**Problem statement**
The number of lines below that contain the word "Total" is all that the answer should hold.

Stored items
= Beginning of Section =
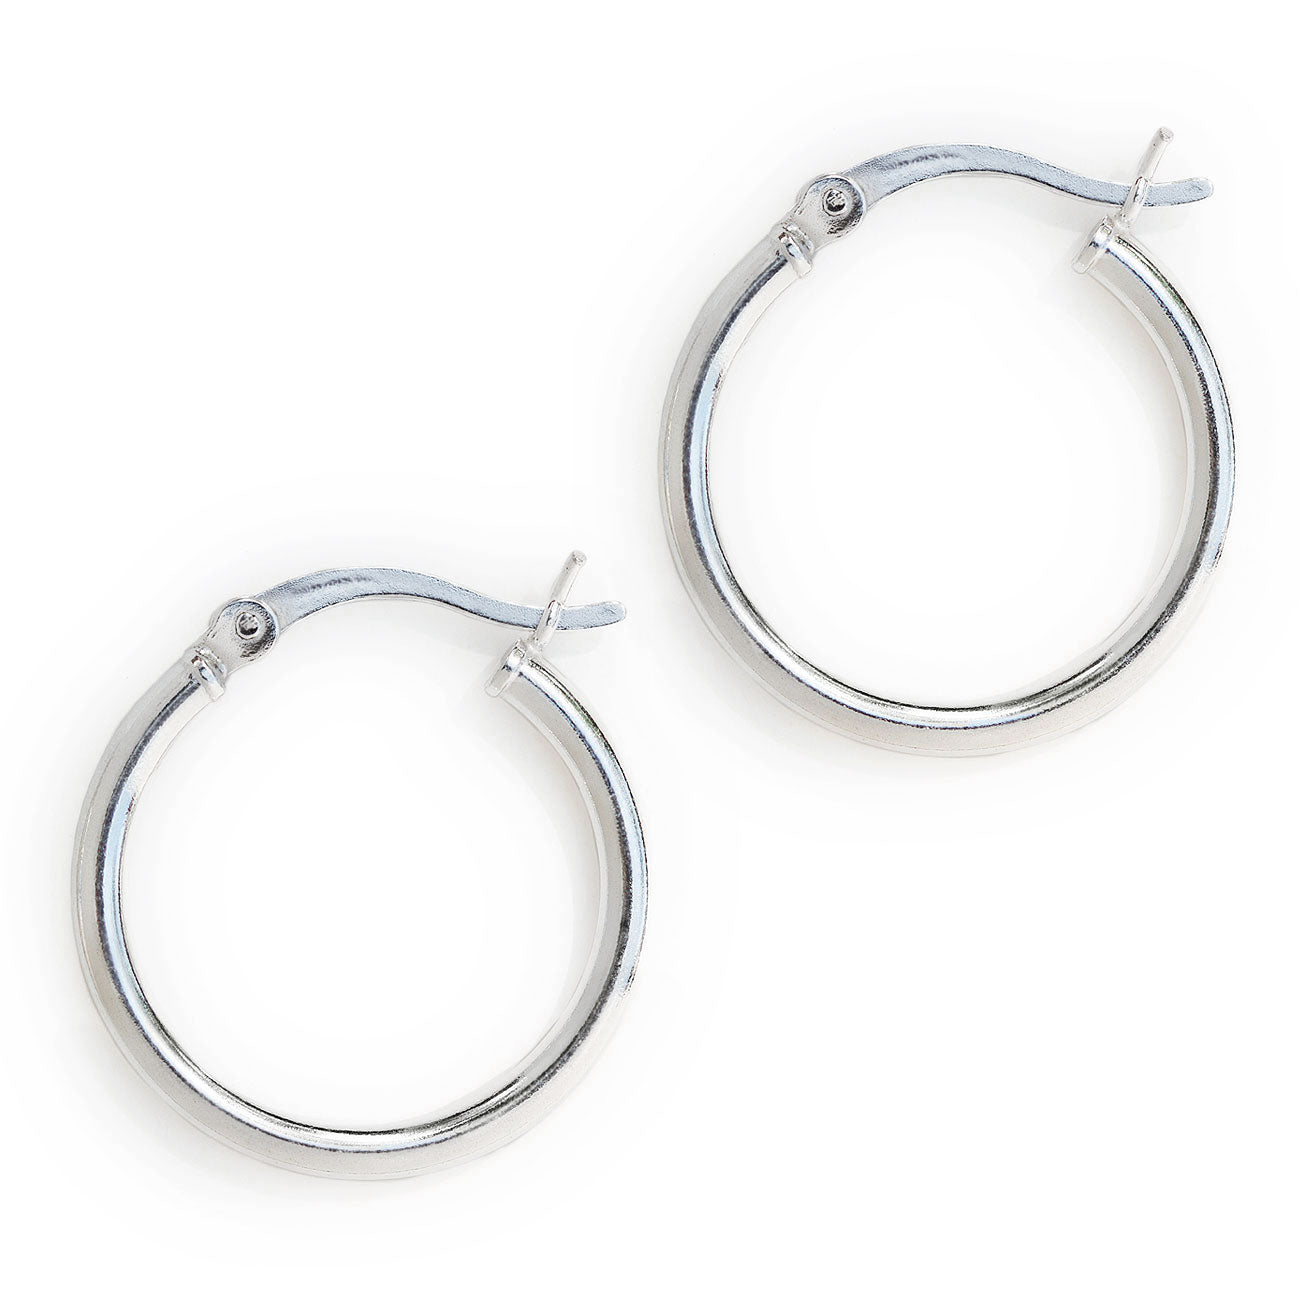 Amazon.com: Sterling Silver Dangle Earrings for Women- Small Silver Chunky  Earrings with Leverback - Simple Circle Designer Dangling Earrings :  Handmade Products
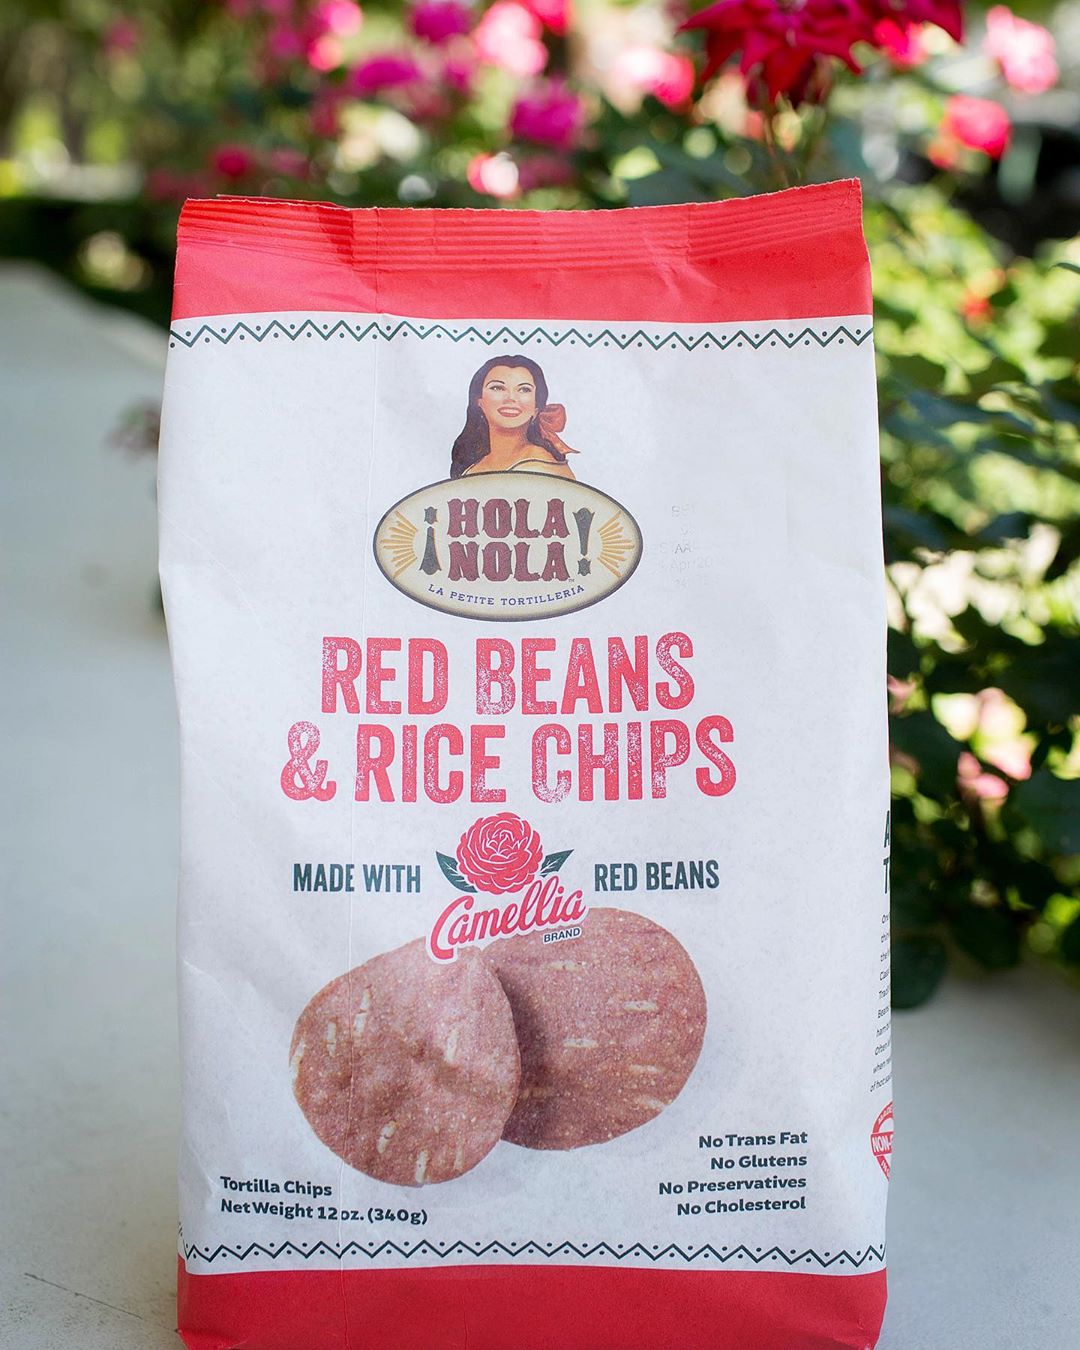 Now you can have #redbeansandrice any time you’re craving them with these chips from @holanolafoods…
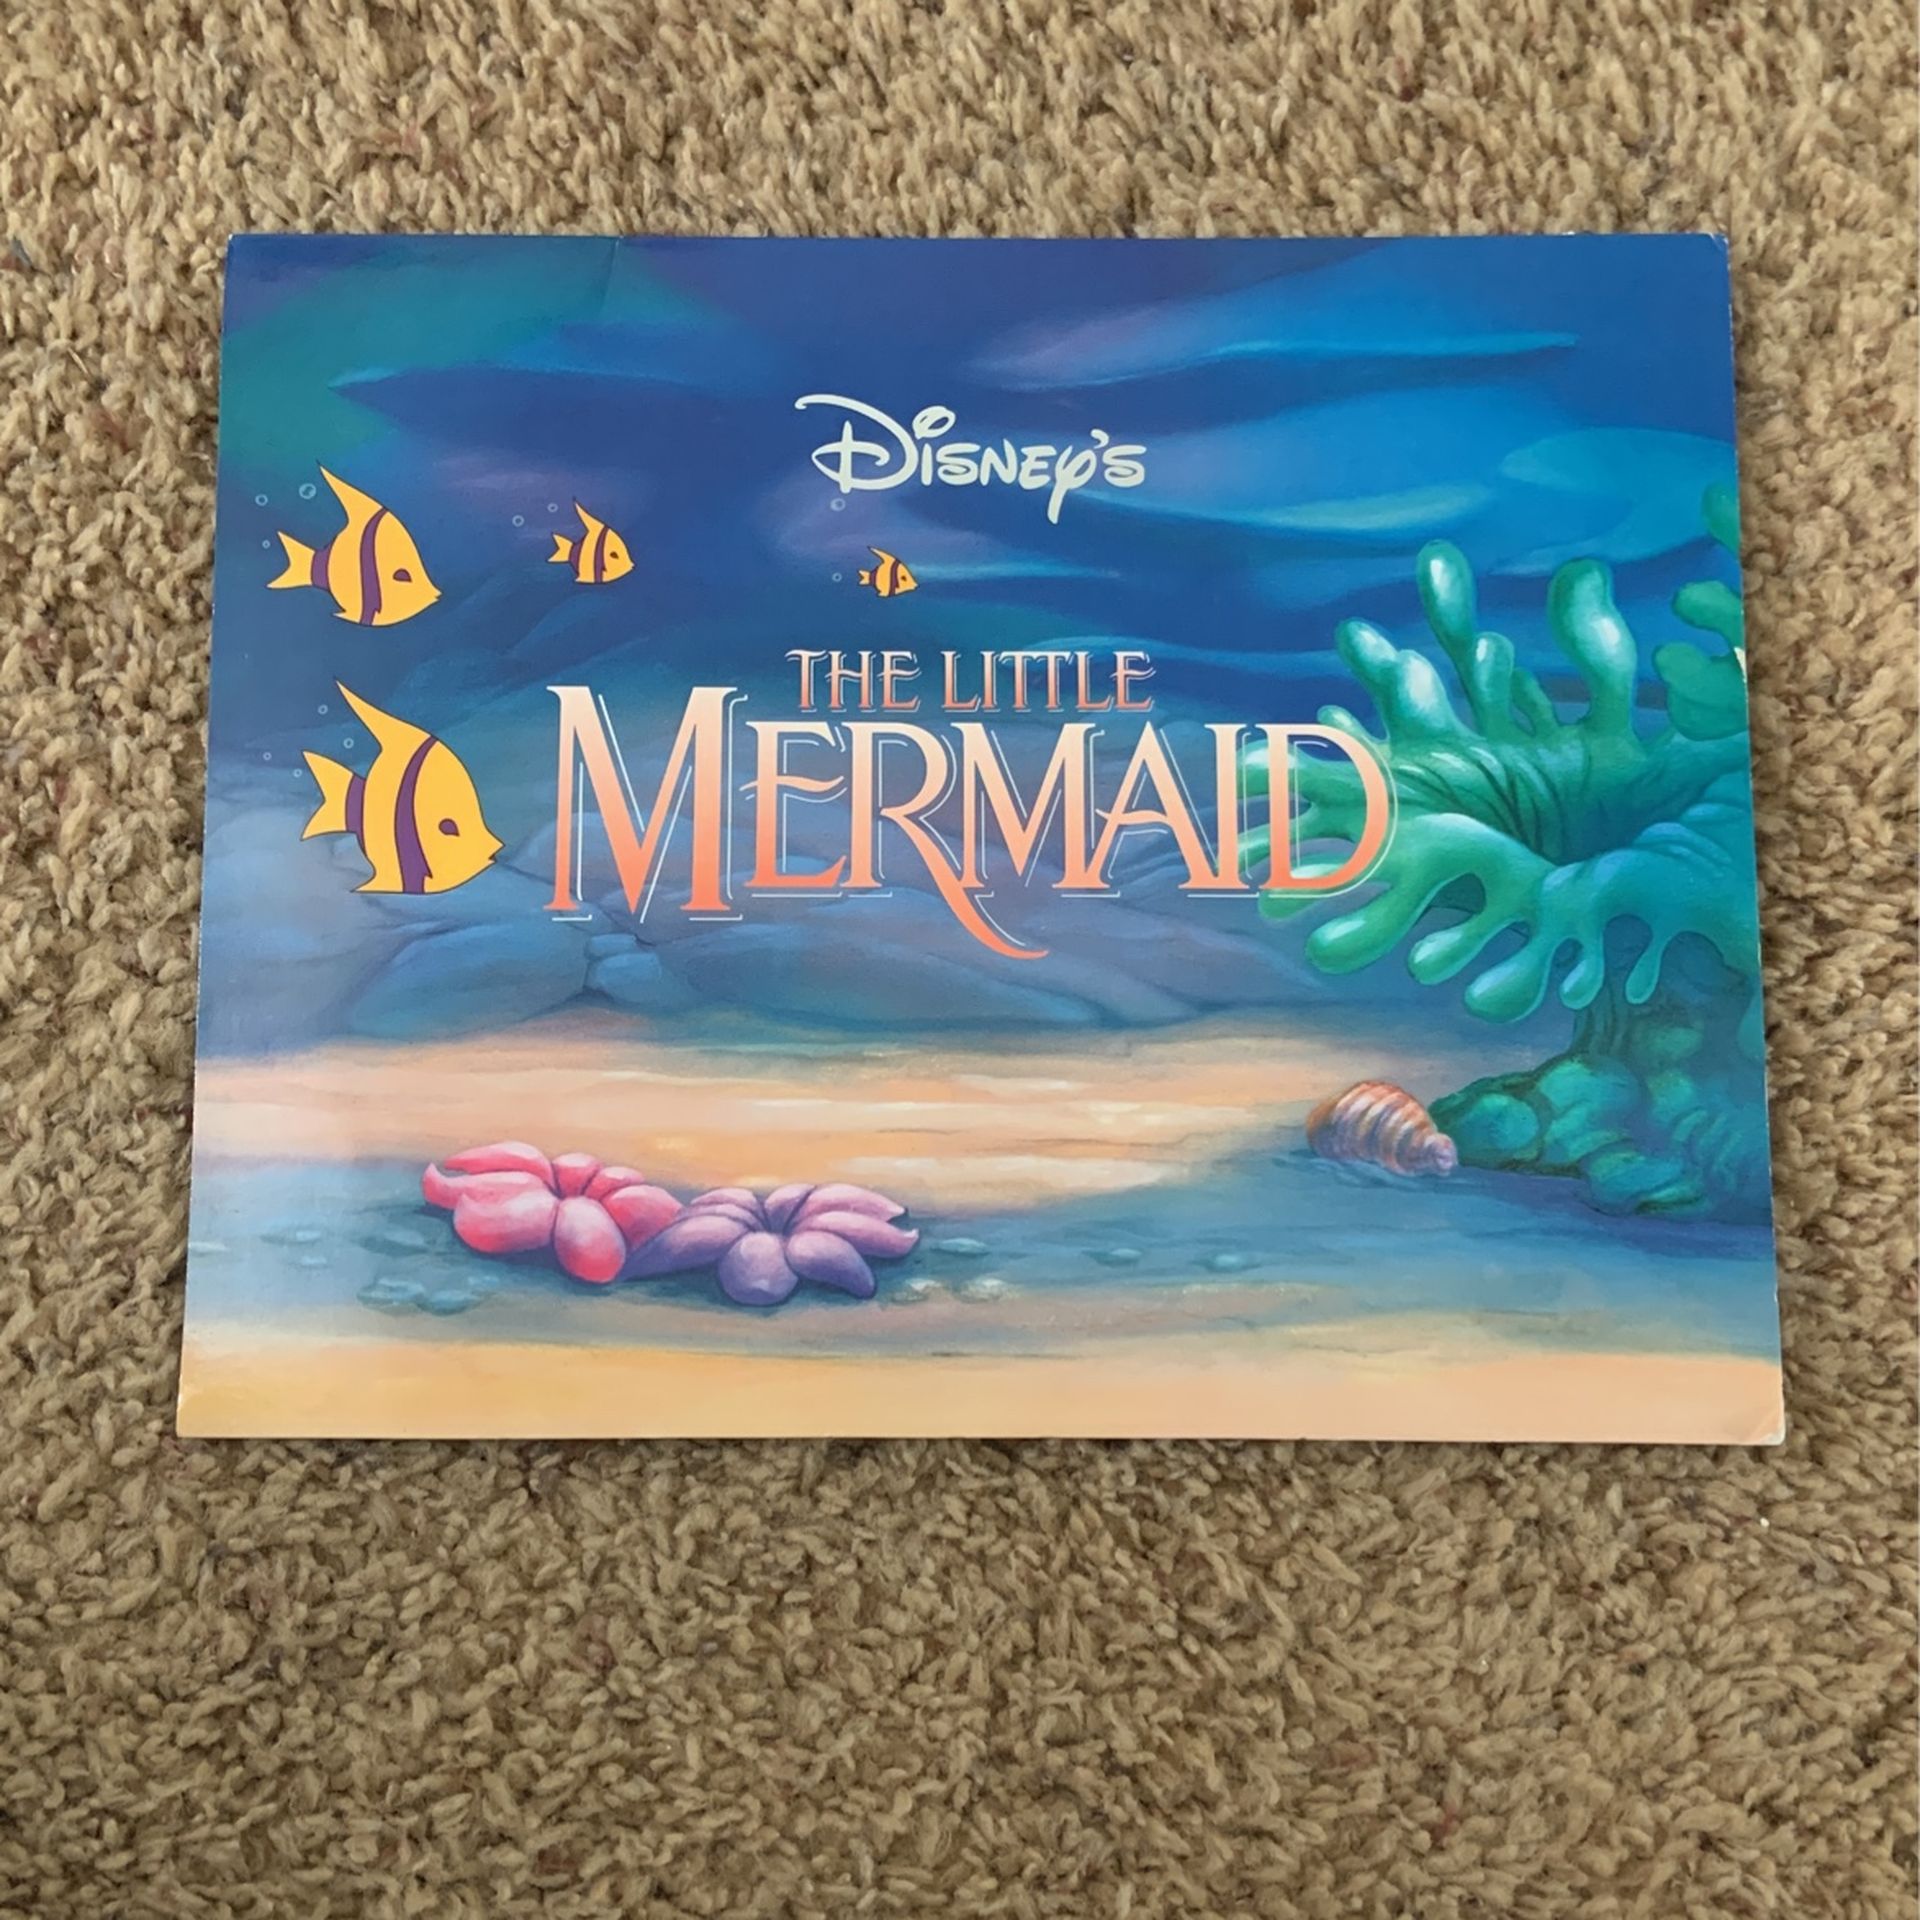 For little Graham portfolio Disney suitable for framing featuring art from the little mermaid
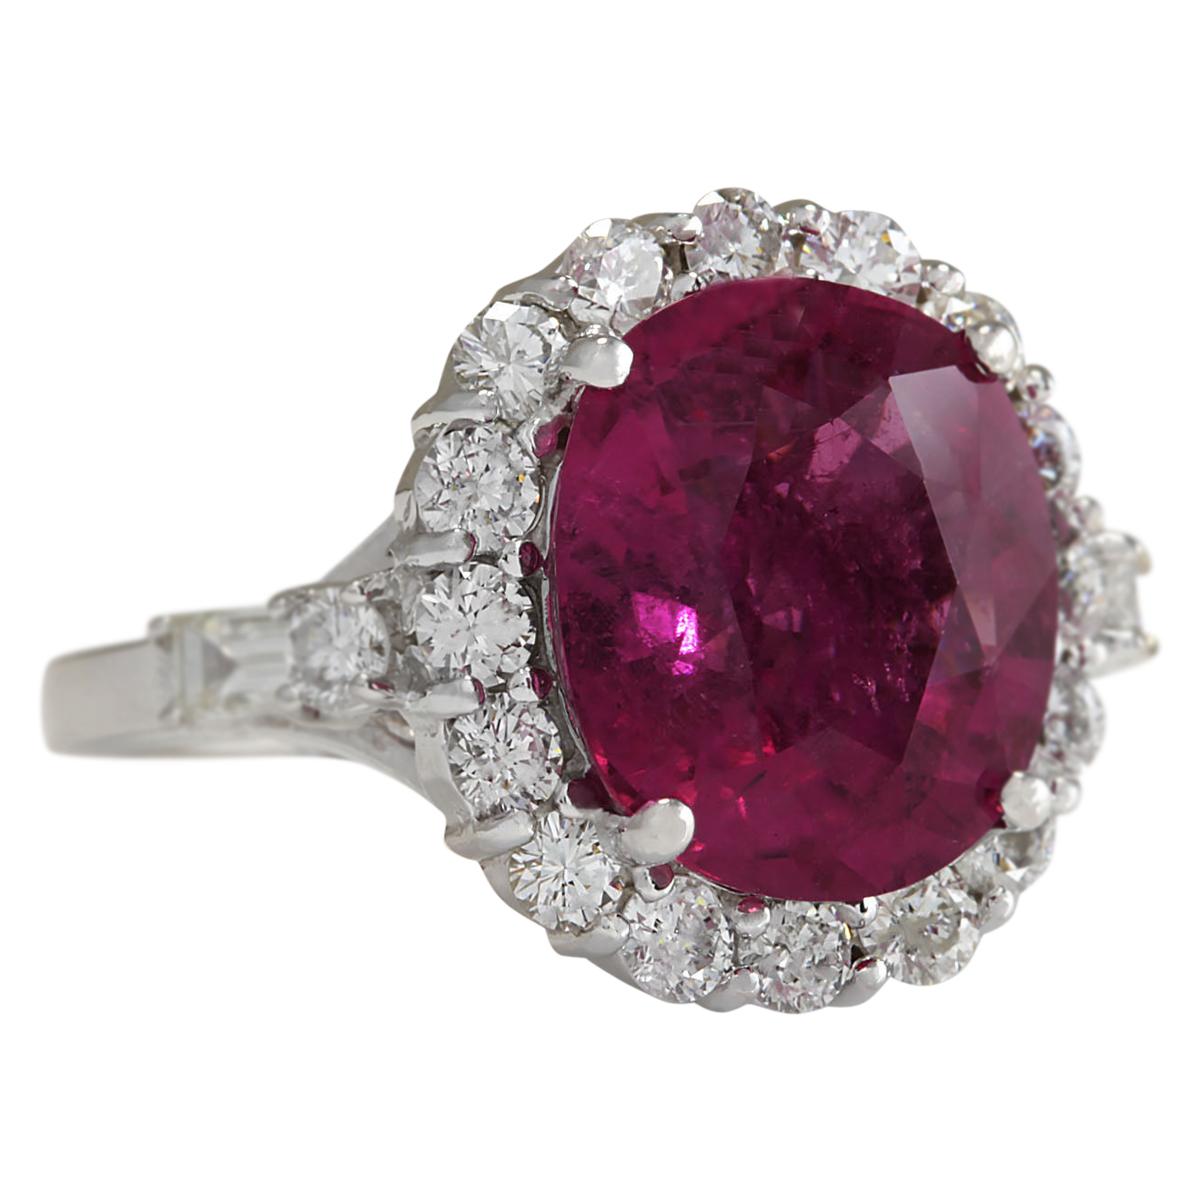 Stamped: 18K White Gold
Total Ring Weight: 8.2 Grams
Ring Length: N/A
Ring Width: N/A
Gemstone Weight: Total Natural Rubelite Weight is 5.76 Carat (Measures: 12.70x11.04 mm)
Color: Red
Diamond Weight: Total Natural Diamond Weight is 1.16
= End of Section =
**Response**
3